Mechanistic Understanding of ML/AI Systems Through Interdisciplinary Scientific Applications
Date
Authors
Journal Title
Journal ISSN
Volume Title
Publisher
Abstract
Modern artificial intelligence (AI) systems have achieved remarkable success across various scientific domains. However, fundamental questions remain about how these systems learn, make decisions, and generalize across different applications. This dissertation addresses these questions by systematically analyzing and improving AI systems through applications in physics, chemistry, and healthcare, demonstrating how mechanistic understanding can enhance practical performance.
First, we develop a unifying framework for understanding convolutional neural networks (CNNs) in quantum physics applications. We show how CNNs efficiently approximate quantum wavefunctions in exponentially large Hilbert spaces using only linearly many parameters by connecting them to maximum entropy models and correlator product states. This analysis reveals how CNNs leverage quantum system symmetries and entanglement properties, leading to a new training algorithm that significantly reduces convergence time or number of parameters while maintaining accuracy. This work establishes a bridge between physics and machine learning, providing a template for analyzing other neural architectures and suggesting when they might succeed or fail in solving certain physics problems.
Second, we develop a series of machine learning approaches for chemical spectroscopy analysis. The Characteristic Peak Extraction algorithm improves accuracy for identifying chemical components in complex mixtures, while our Characteristic Peak Similarity metric enables accurate matching between different types of spectroscopic measurements. These tools are being actively tested to detect harmful chemicals in environmental samples and human organs, including polycyclic aromatic hydrocarbons in soil and placenta samples. This work creates more accessible and efficient tools for environmental monitoring, addressing a longstanding challenge in the field of analytical chemistry where traditional chemical spectroscopy methods require extensive laboratory facilities, expert knowledge, and time-consuming analysis procedures.
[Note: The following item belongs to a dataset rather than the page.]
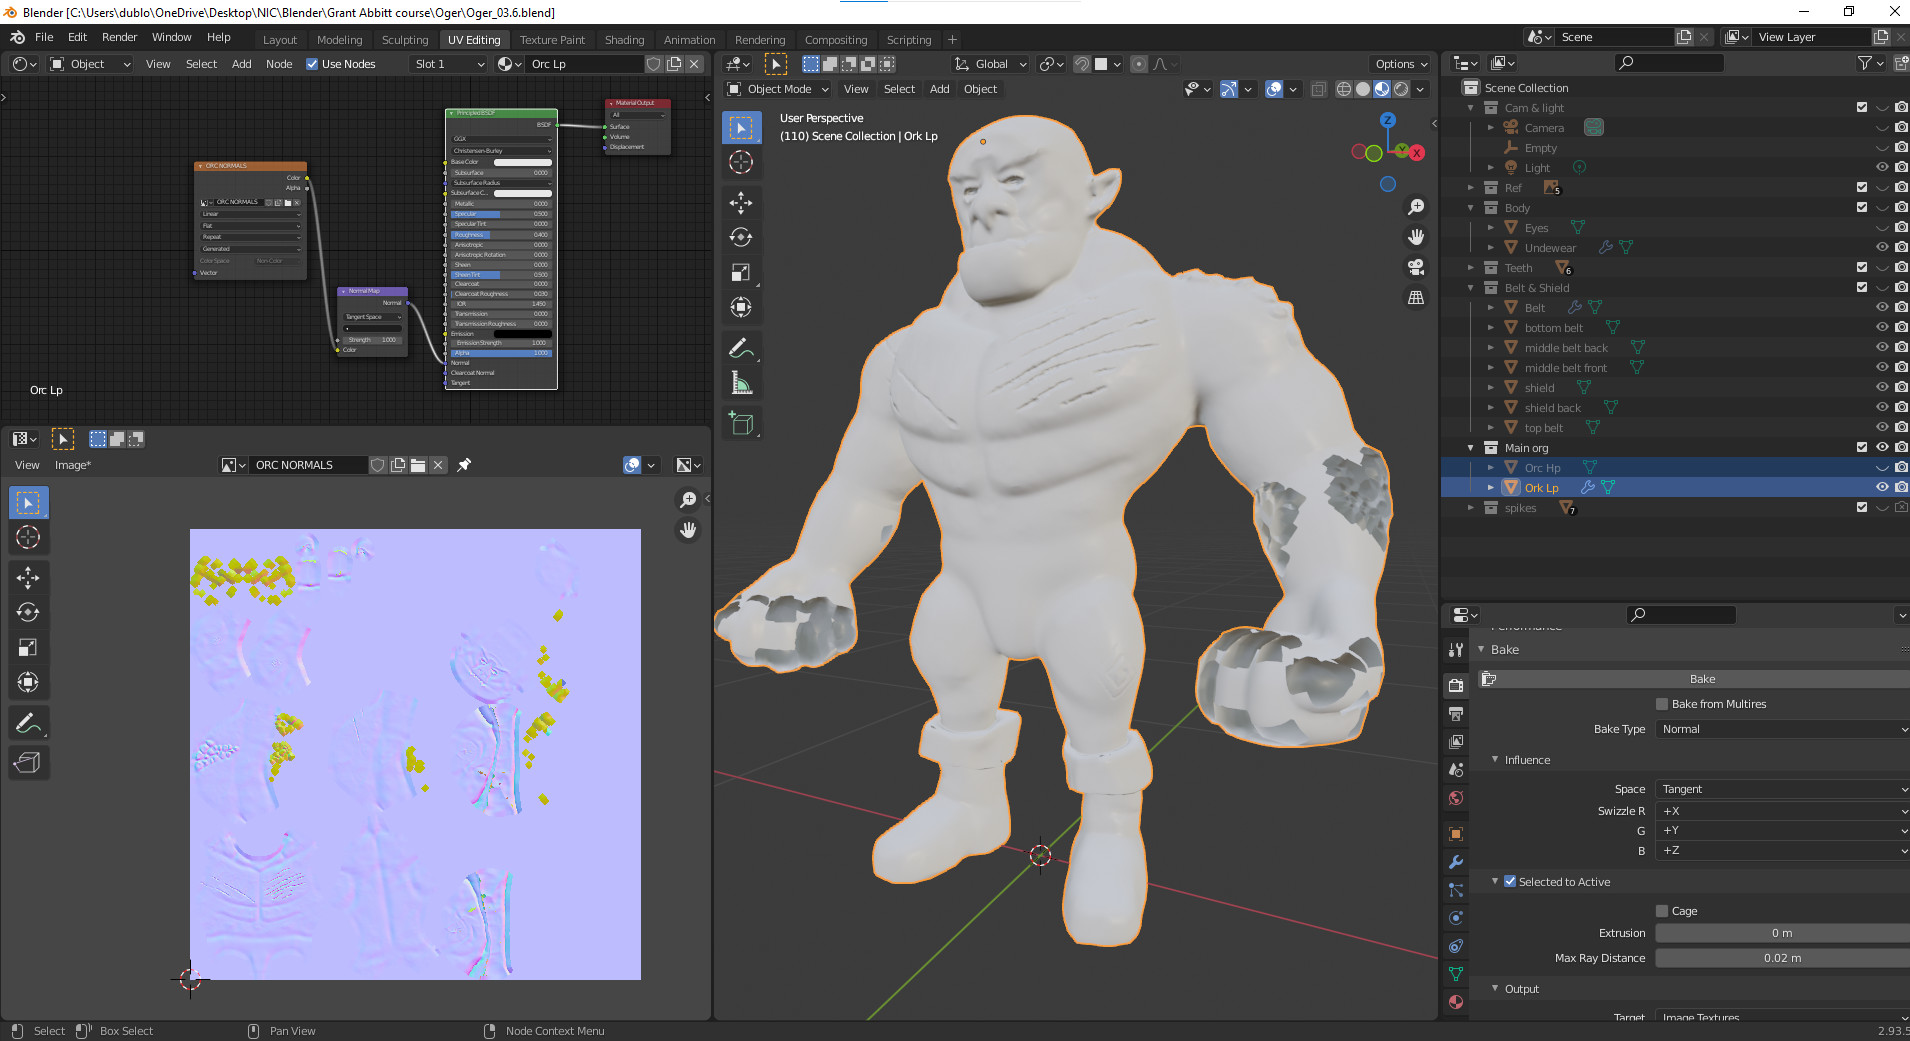 Character Creator: 3D Character Design Software

Finally, we advance medical diagnostics by creating interpretable deep learning models for ECG analysis that achieves high accuracy in detecting junctional ectopic tachycardia. Through explainable AI techniques, we systematically analyze how these networks make decisions by identifying key ECG features that align with clinical expertise, categorizing error patterns, and conducting root cause analysis of misclassifications. This mechanistic understanding not only validates the model's reasoning against clinical expertise but also provides insights for model improvement and clinical deployment. Beyond the immediate clinical impact, this contribution provides a framework for developing trustworthy AI systems in healthcare, where understanding decision-making processes is crucial for clinical adoption.
Together, these contributions advance our understanding of AI systems while demonstrating their practical impact across multiple scientific disciplines. The frameworks and methodologies developed in this thesis provide a foundation for building more interpretable, efficient, and reliable AI systems.